What is the potential of rising or decreasing of a share? What far will the market grow? Or go down ?

These are basic worries that all active traders will ask themselves before intervening on the markets.
To do so, traders try to answer those questions by basing themselves on graphics or mathematics methods which origin often comes from famous mathematicians or theoreticians (Example : John Bollinger).

All those mathematics methods are used to define the rising or decreasing potential of a share.
All those precepts are associated to a so-called science, that we call technical analysis.

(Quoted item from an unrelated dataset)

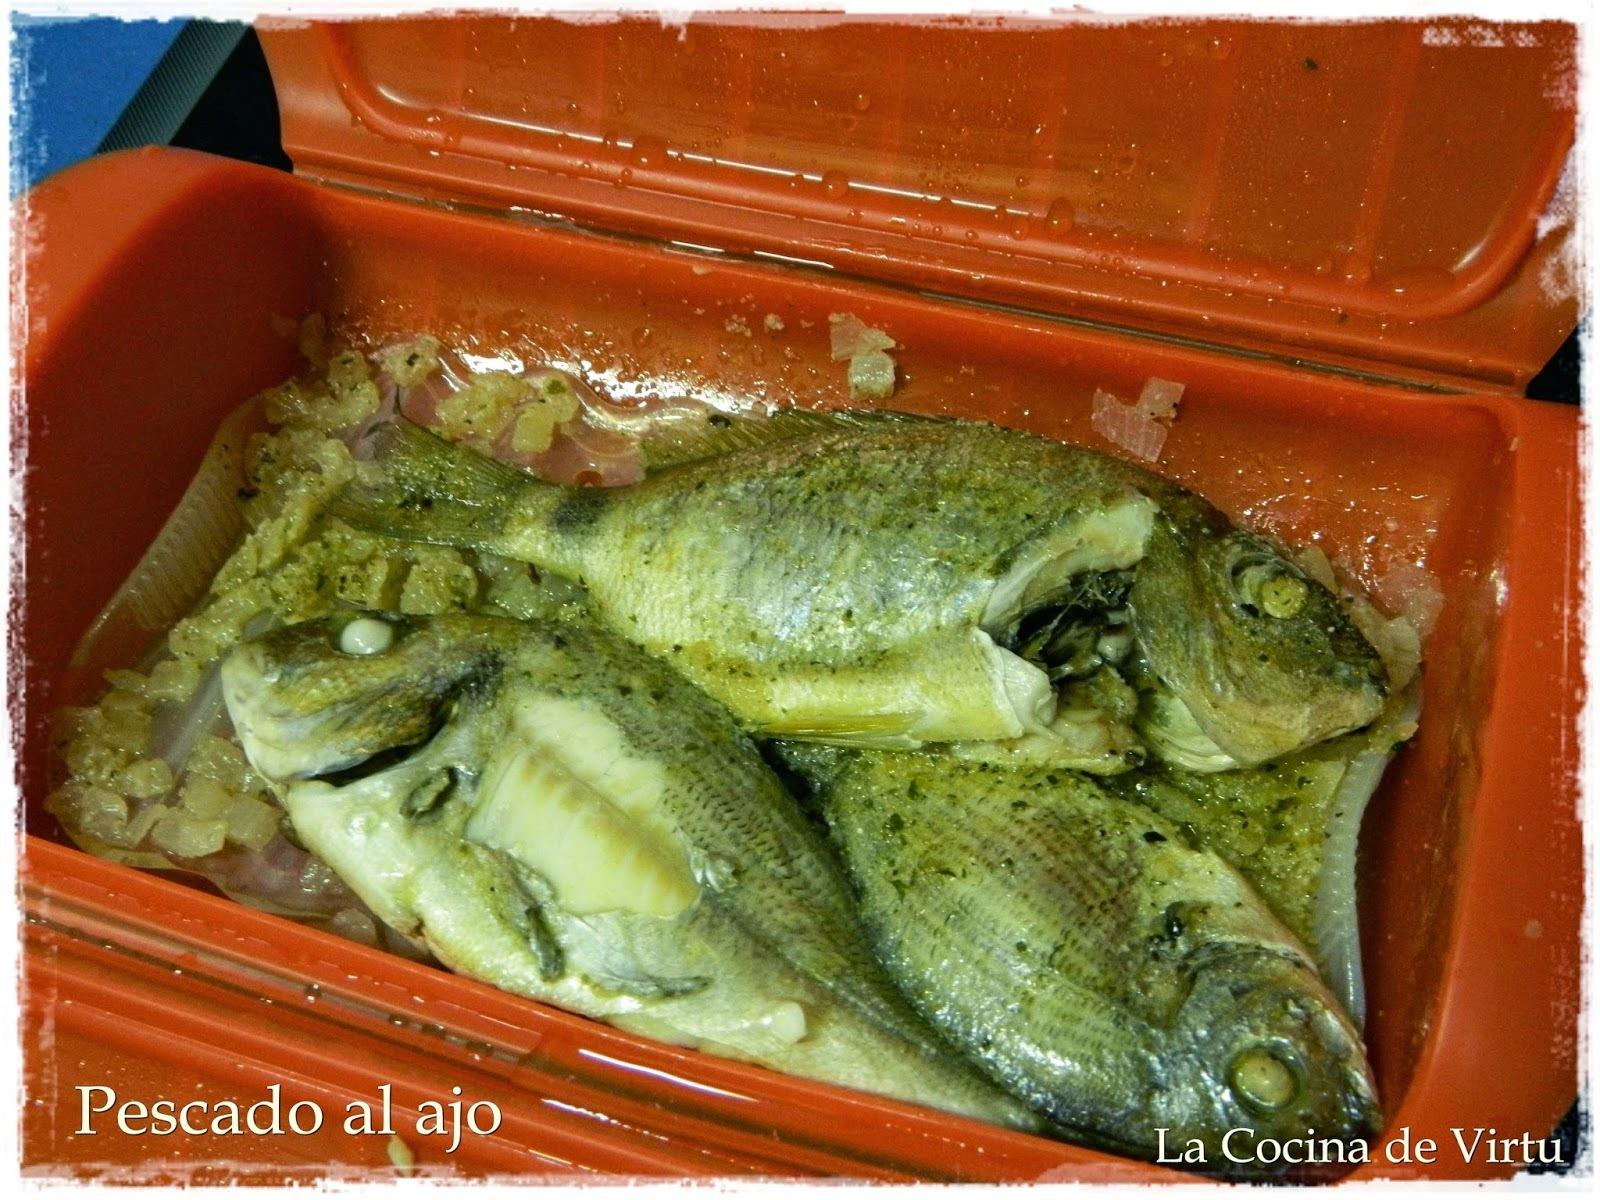 Pescado al ajo en el microondas

The founding mechanisms of technical analyses enable to identify the buying and selling opportunities.
The technical analysis offers a simple and efficient method to understand the evolution of the financial markets.
The following principles will allow you to better understand the evolution of a share by using the bases of the technical analysis that are trends, supports, resistances and oscillators.

The trend can be given by a simple observation of moving averages. Moving averages, which aim is to smooth the market prices, allow us to rapidly give a sense to the prices variations for it is based on the past.
The trend on the short-term will be given by the moving average at 20 days. The trend on the medium term will be given by the moving average at 50 days.
The trend on the long term will be given by the moving average at 200 days.

After we have drawn our trends, we are going to draw or support and resistance levels which in reality represent the best place to buy or sell a share.
To draw straight-line of support or resistance on a curve representing the closing market prices of each session, all you have to do is to look for the horizontal alignments of points that are at a close market price. It is not necessary for the points of these market prices to have an identical market price, the differential tolerance between the curve and the support or resistance depends on the time of the observation of the curve.

Now that we have anticipated the sense of the trend, we are going to devote ourselves to the study of oscillators to detect the over-buying and the over-selling zones. Oscillators (RSI and Stochastic...) help identify over-bought or over-sold markets; while the moving average will inform us about the sense of the market trend.
The use of oscillators mostly helps us detect the trend reversal.